宵闇の世界 -world of twilight-
「スラスト…麗藍の様子はどうですか?」

「このままだと危険だ」

「腕以外に傷が!?」


スラストの言葉に、辰樹は椅子から立ち上がって問いかけた。
辰樹の姿を見た後、スラストは目をつぶって首を横に振った。
傷がないことに辰樹は安堵したが、すぐに別の不安が襲った。
傷ではないが、危険な状態ということに。


「必要量に足りていない…ということですか…」

「ああ、『死の雨』を放った上に、蒼維に力を与えている。
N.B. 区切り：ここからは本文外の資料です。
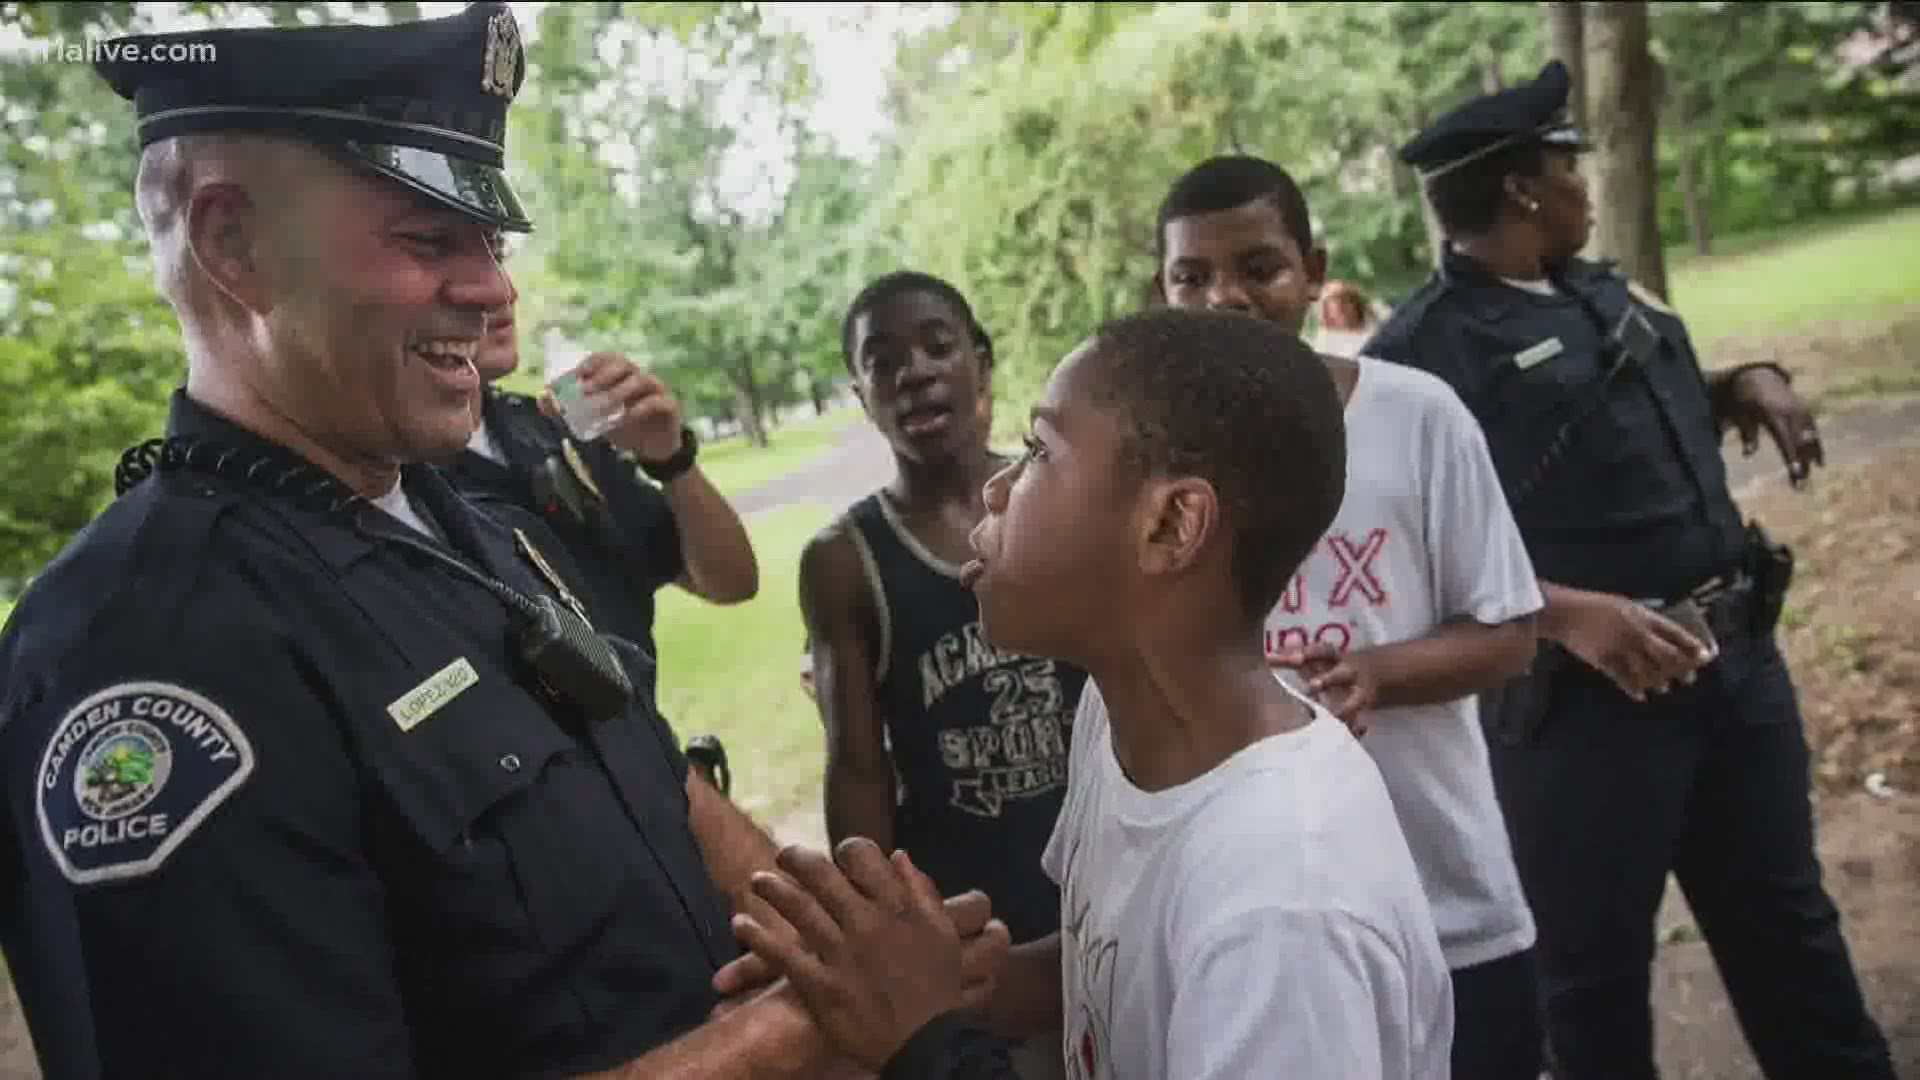 We looked at Camden, N.J. and other cities where "community policing" has had success.

ぎりぎり生きていられる段階だな」

「『死の雨』!?今まで一度も使ったことがないですよね…」

「ああ…」


辰樹は力なく椅子に座り、ただスラストと捺瀬の会話に耳を傾けていた。
意味はわからないが、麗藍が今まで遣ったことのない技を使ったことだけはかろうじて理解できた。
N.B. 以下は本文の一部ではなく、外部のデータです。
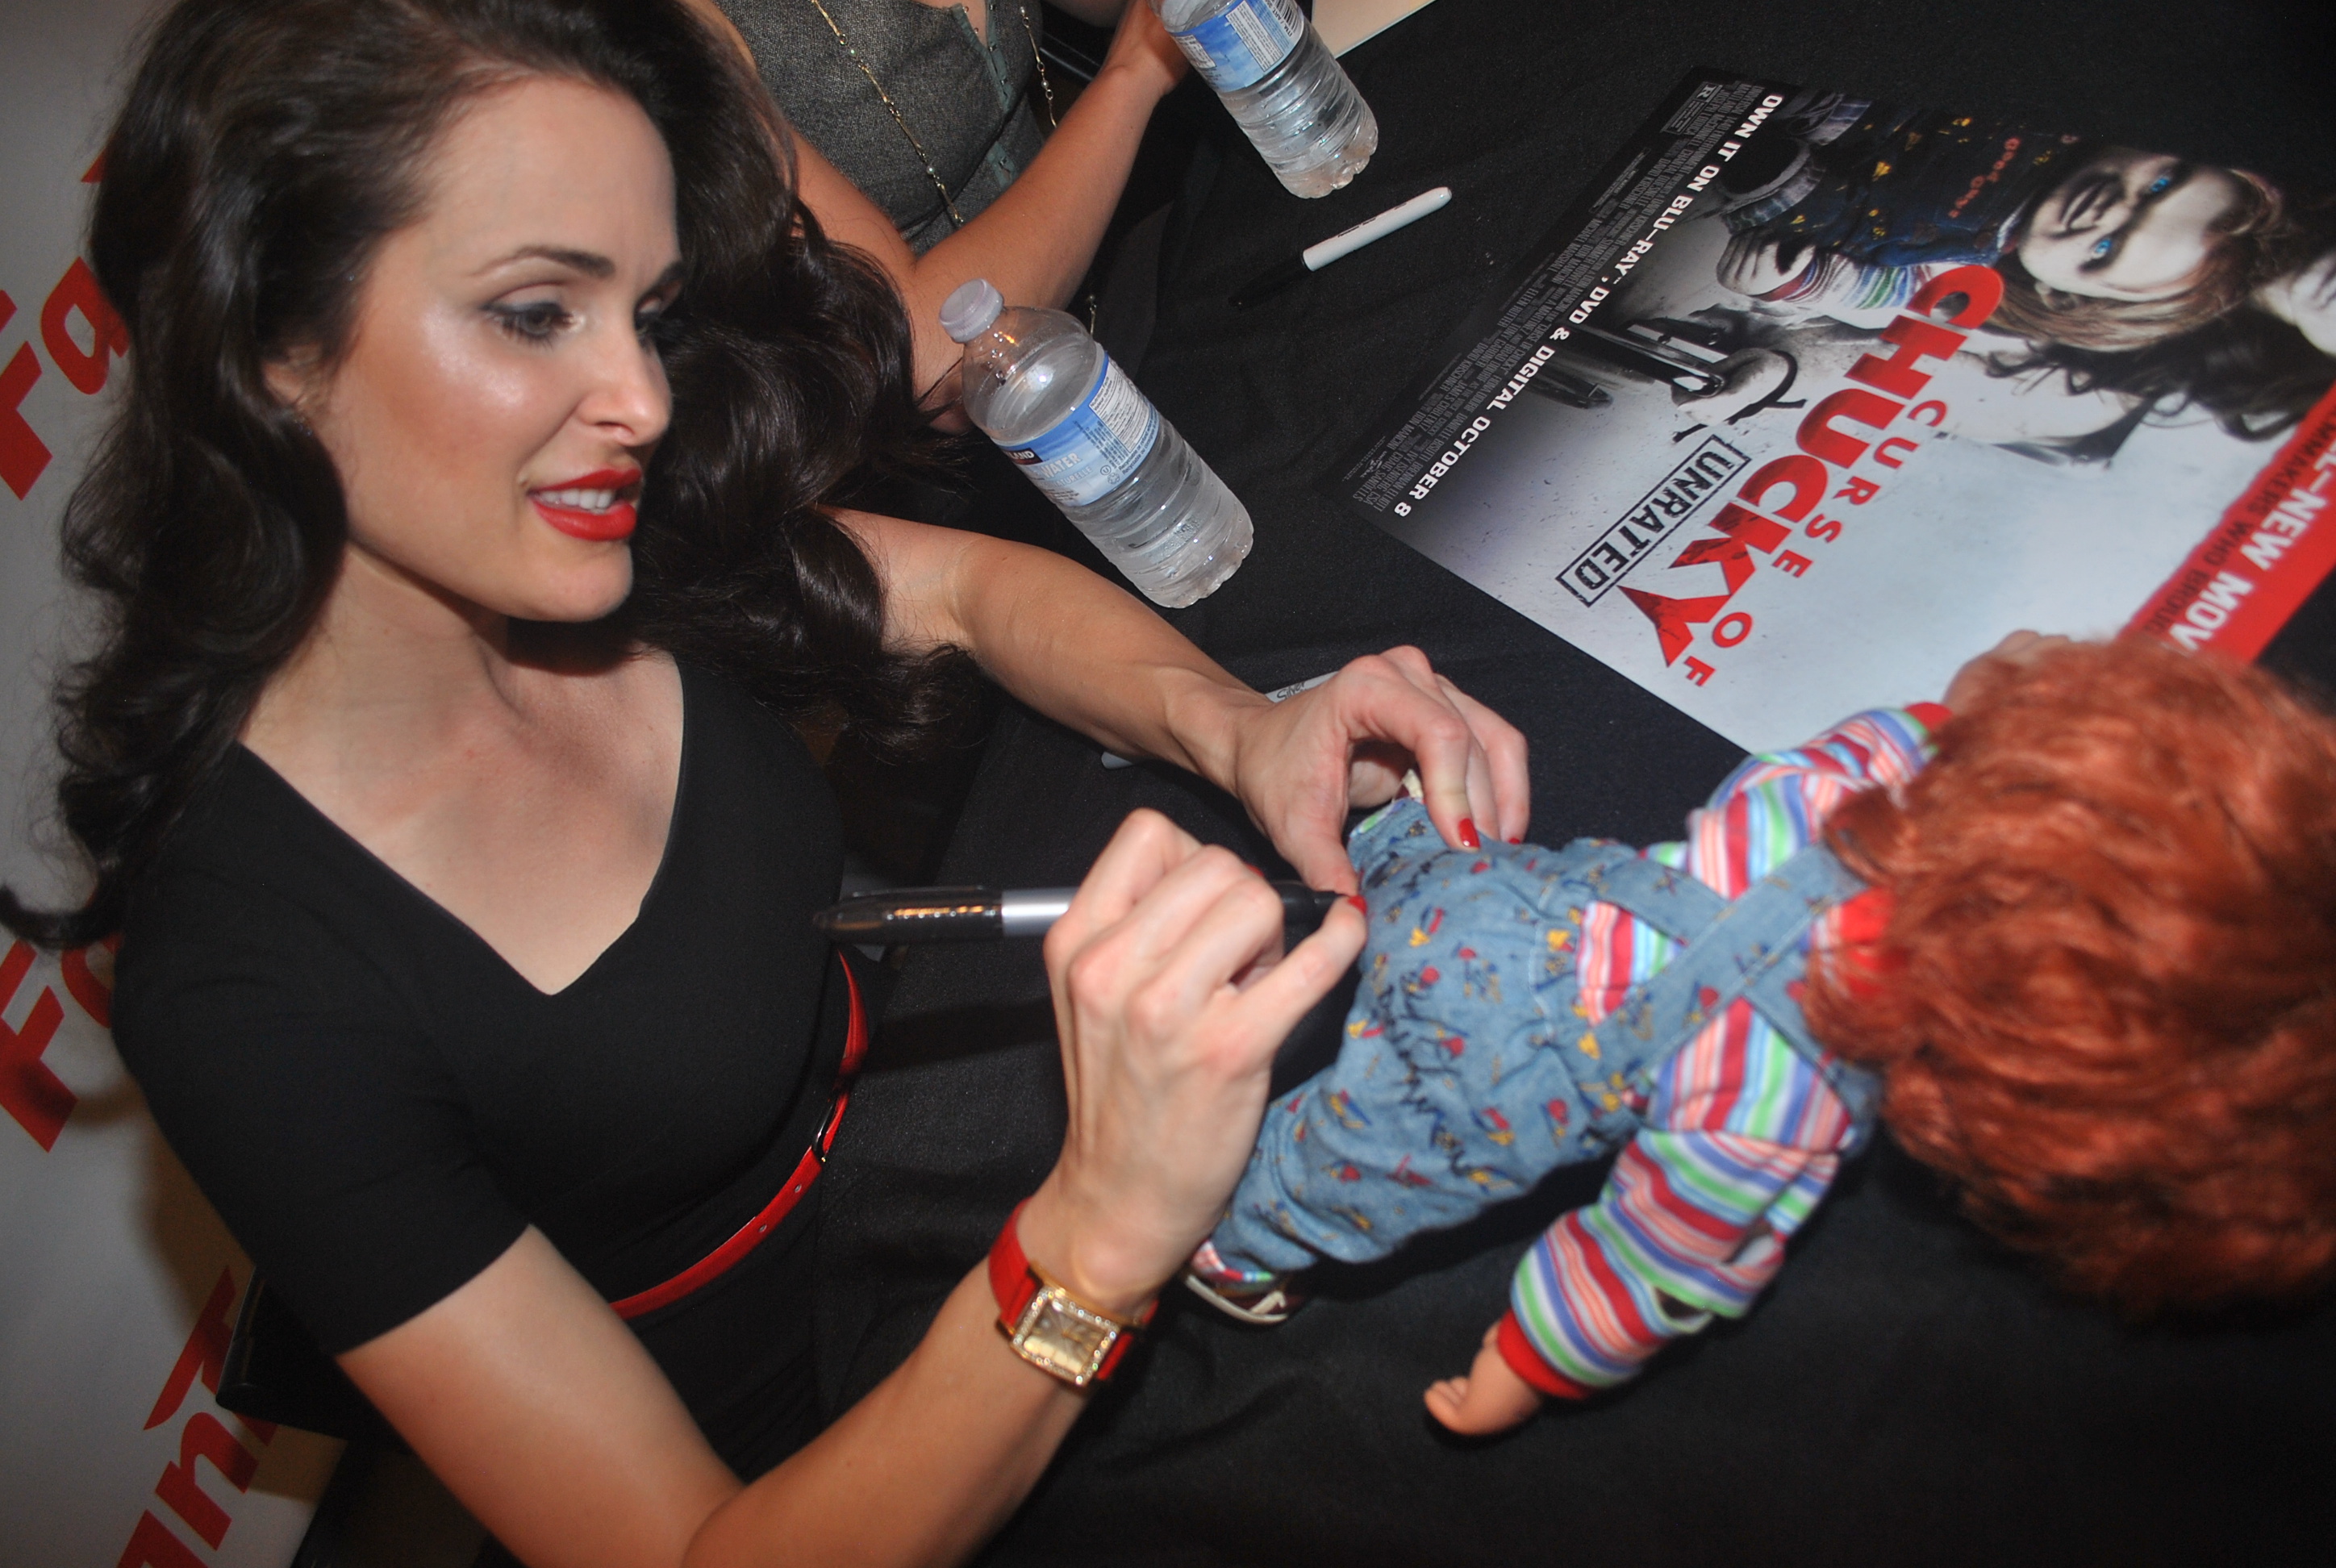 Danielle Bisutti signing a fan's Chucky doll at the 2013 Fantasia Film Festival in Montreal

「血からの力の補充は無理ですね…麗藍が気を失ってしまっては…」

「麗藍の同意を得ないまま、あの方法は使いたくはなかったのだがな」

「そんなことを言ってられません!!麗藍ならわかってくれます」

「…そうだな」

「私は麗藍がいなくなるのは望みません。それはスラストも一緒のはずです」

「ああ、麗藍は大切な人だ。いなくなどさせるか」


スラストの目には、絶対に麗藍を助けると決意に満ちていた。
捺瀬は信頼の眼差しでスラストを見ていた。
麗藍を助けられるのは、スラストしかいないようだ。
辰樹はスラストをただ見つめていた。


「今夜は新月だ。我の力が最も活性化する。問題はいらない」

「まず一息ついてはどうですか?今すぐに危ないわけではないですよね?」

「もちろんだ」


スラストは小さく微笑むと、辰樹の傍にあった椅子へと座った。
テーブルの上の紅茶を手にし、ゆっくりと口にした。
辰樹は闇に包まれた窓の外へと、視線を移した。
新月というだけあって、外の景色は何も見えなかった。
ただ自分の置かれている状況のわりに、不安などはあるものの比較的に落ち着いていた。